Let $\Omega\subset\mathbb R^n$ be an open set, and recall $L^2$ and $H^1$ are the Hilbert spaces with inner products $(u,v)_{L^2}=\int_\Omega u\overline v\,dx$, and $(u,v)_{H^1}=\int_\Omega u\overline v+Du\cdot D\overline v\,dx$.
Fake Claim: for all $u$ in $H^1$, there is a $C>0$ such that $$ \|u\|_{H^1}\le C\|u\|_{L^2}. $$
This is absurd, of course, given the example $u=e^{it\cdot x}$ for $|t|\to\infty$. But the compactness proof below indicates otherwise. Where does it go wrong?
Fake proof: If not, there is a sequence $u_k\in H^1$ such that $\|u_k\|_{H^1}=1$ but $\|u_k\|_{L^2}\to 0$ as $k\to\infty$. By the Banach-Alaoglu theorem, we can find $u\in H^1$ and a subsequence, also denoted $u_k$, such that $u_k\to u$ weakly in $H^1$, i.e. $(u_k,\varphi)_{H^1}\to (u,\varphi)_{H^1}$ for all $\varphi\in H^1$. Note that $\|u\|_{H^1}=1$.

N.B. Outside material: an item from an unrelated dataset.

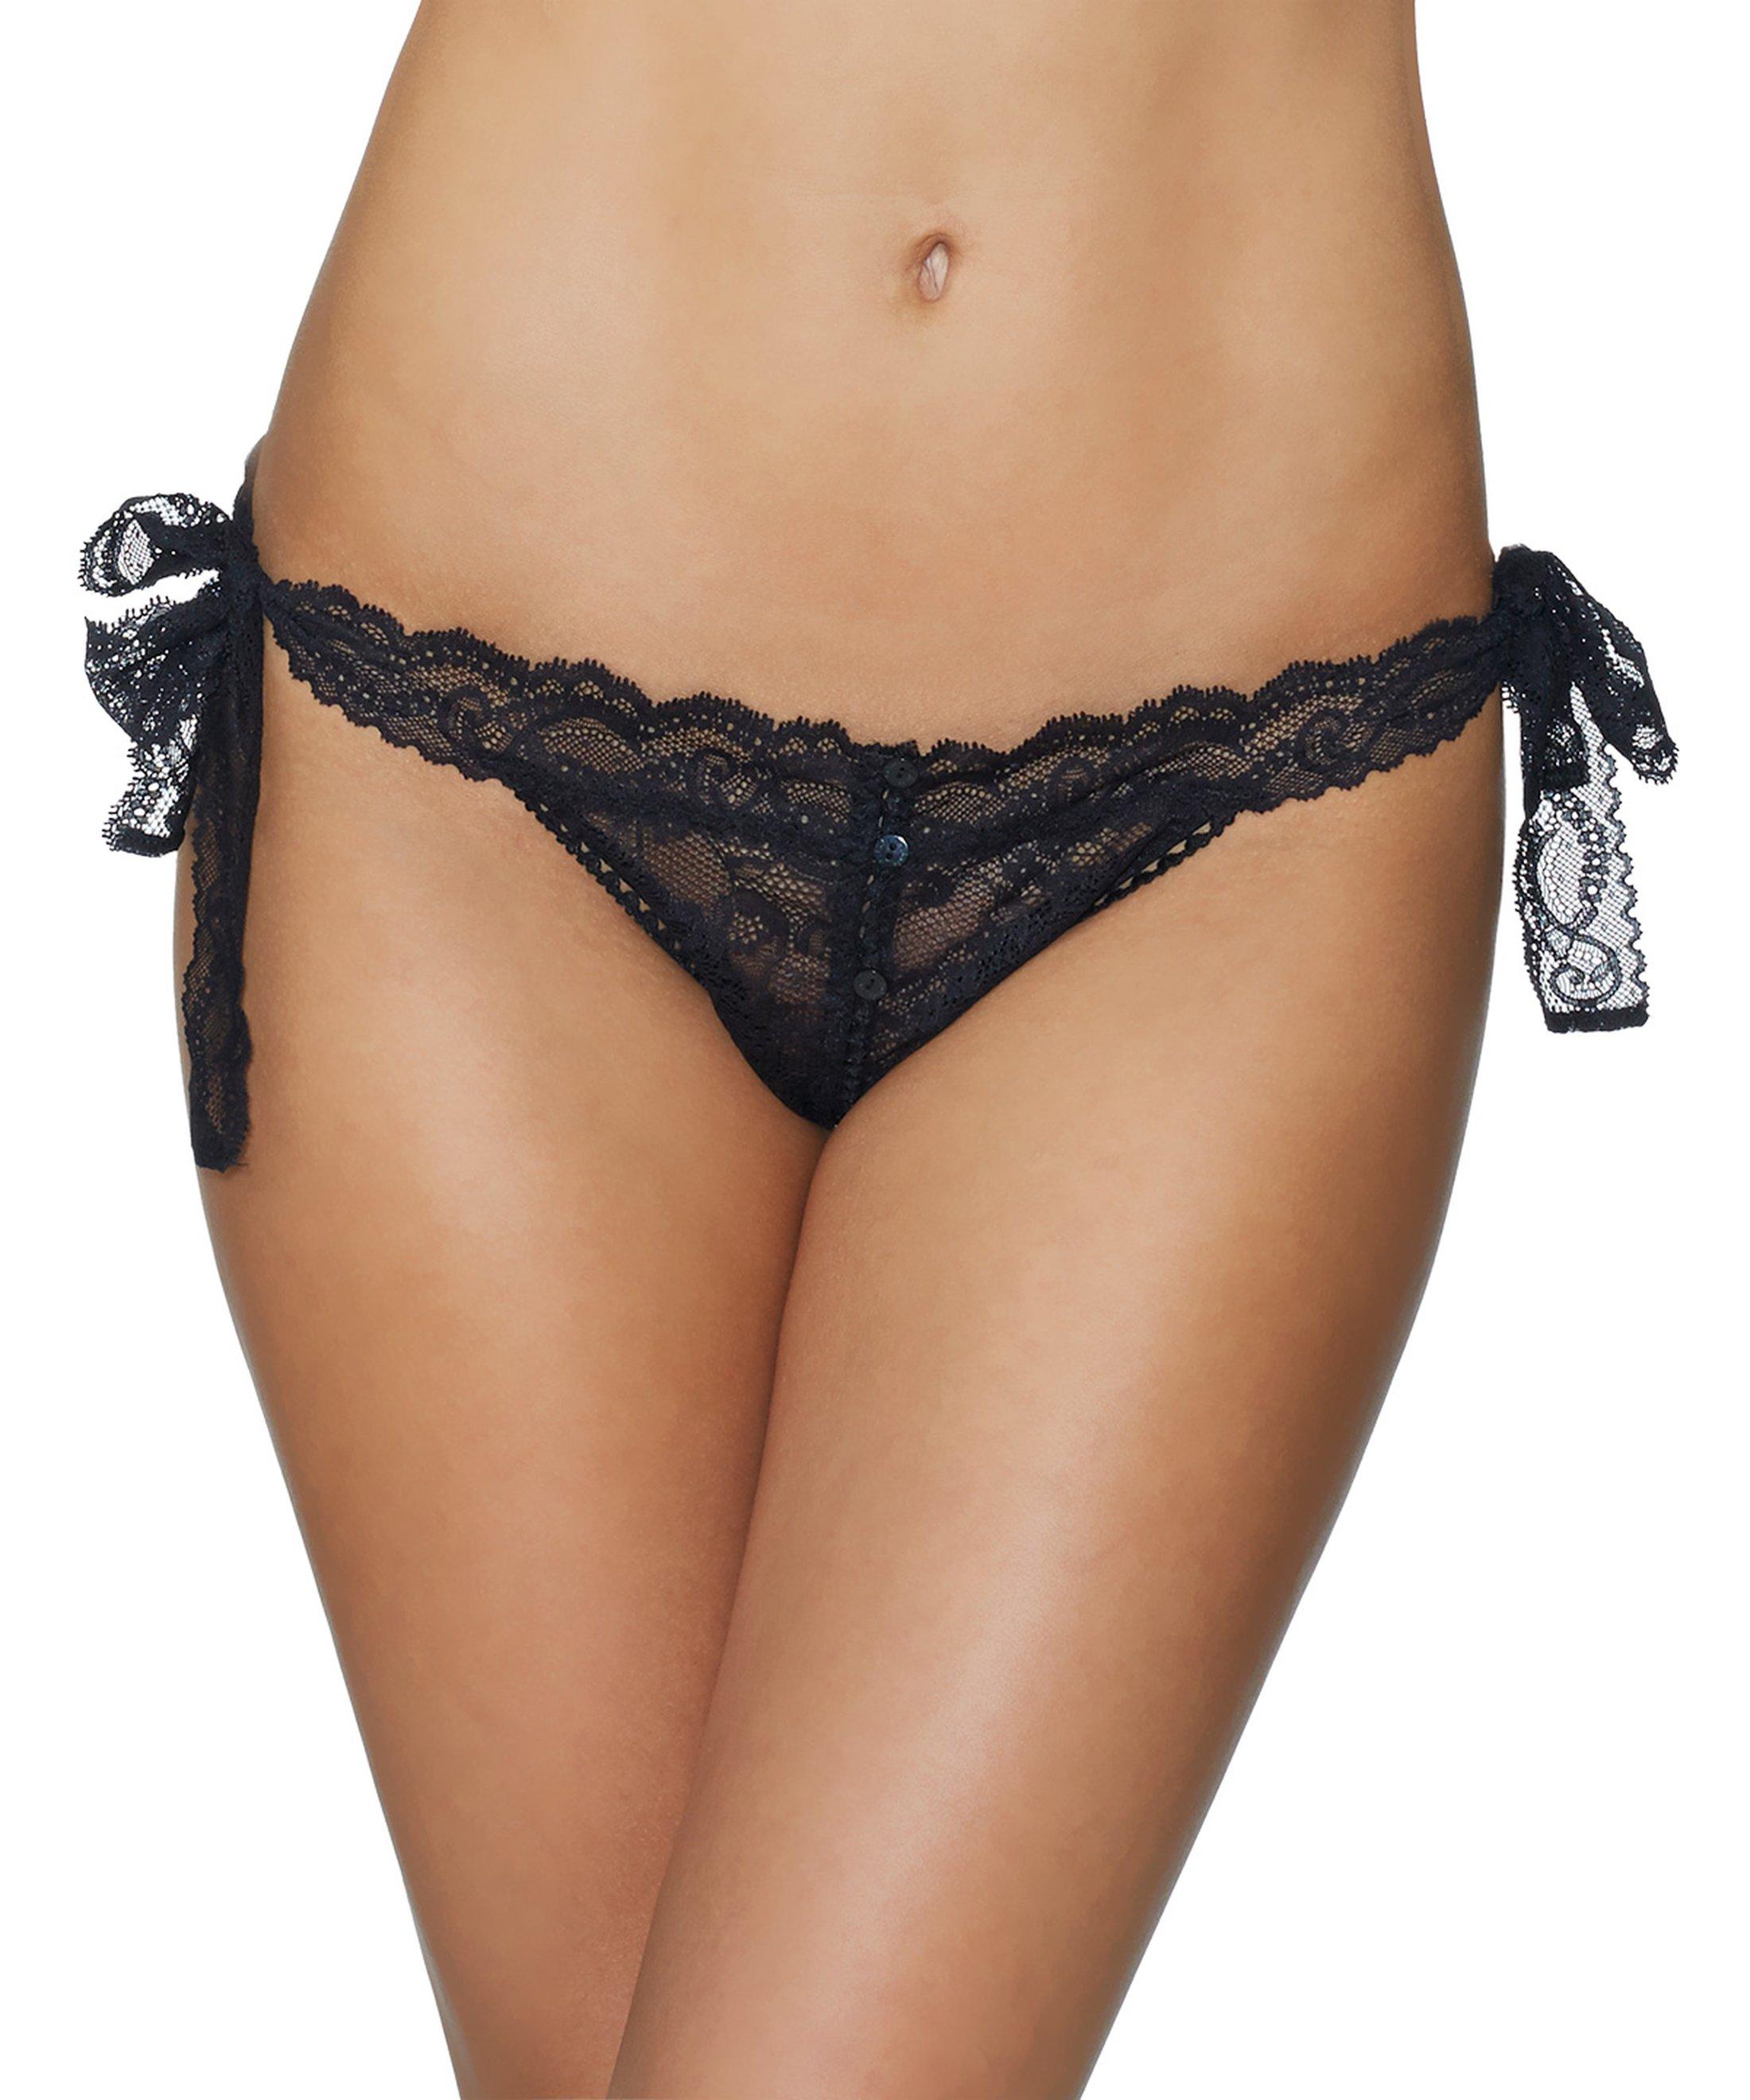 BOÎTE À DÉSIR Bikini Culotte Coquine Black | Aubade
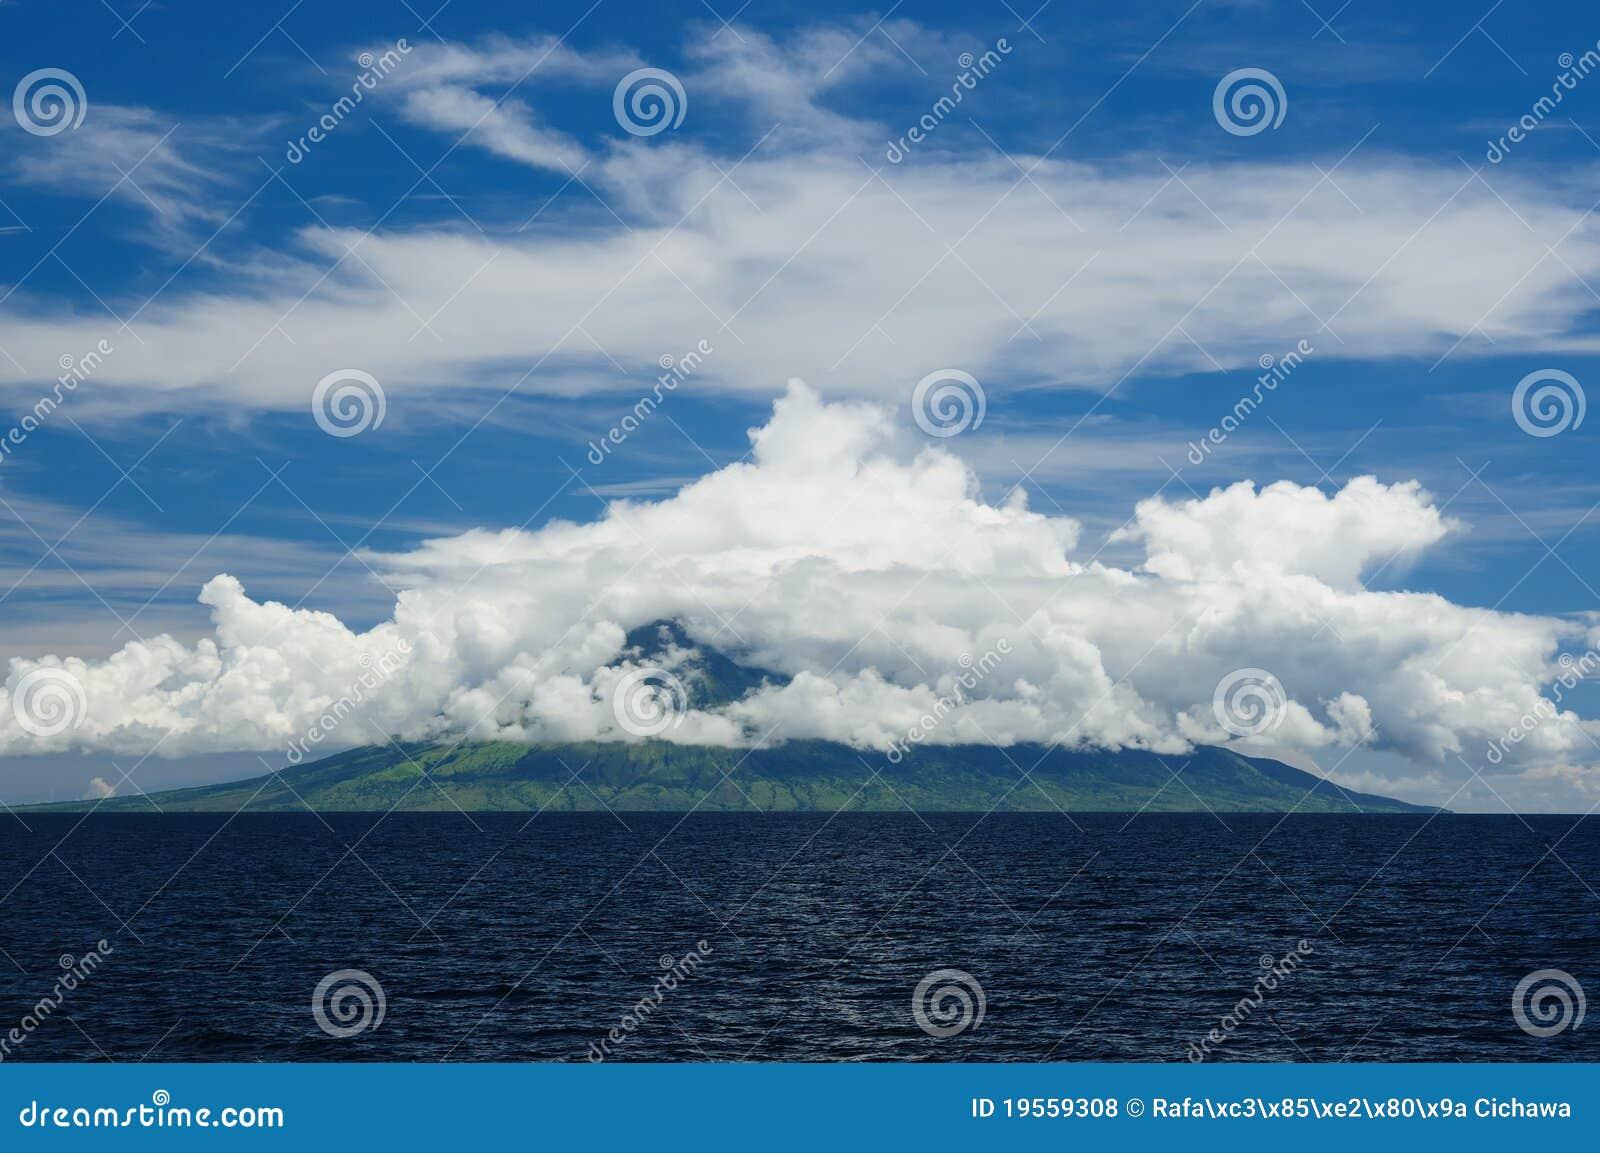 L Indonésie, mer de Flores, Gunung api

Given this, let now $\varphi\in C^\infty_0(\Omega)$, and consider $(u_k,\varphi)_{H^1}$. Since $Du_k\in L^2$ is the weak derivative of $u_k$, we have $(Du_k,D\varphi)_{L^2}=-(u_k,\Delta\varphi)_{L^2}$ (i.e. integration by parts), where $\Delta=\nabla\cdot\nabla$ is the Laplacian. Therefore,
$$ (u_k,\varphi)_{H^1}=(u_k,\varphi)_{L^2}-(u_k,\Delta\varphi)_{L^2}\to 0 $$ as $k\to\infty$. This would seem to imply $(u,\varphi)=0$ for all $\varphi\in C^\infty_0$, which then implies $u=0$, a contradiction to $\|u\|_{H^1}=1$.
Here is at least one mistake in the above. The unit sphere is not closed in the weak topology on any infinite dimensional normed space. In fact, for any such space $X$, the weak closure of $S = \{x \in X: \|x\| = 1\}$ is the unit ball $B = \{x \in X: \|x\| \leq 1\}$.
In particular, you cannot conclude that $\|u\|_{H^1} = 1$. The rest of the proof (if I haven't missed another mistake) can then be seen as a proof that, in fact, $u = 0$.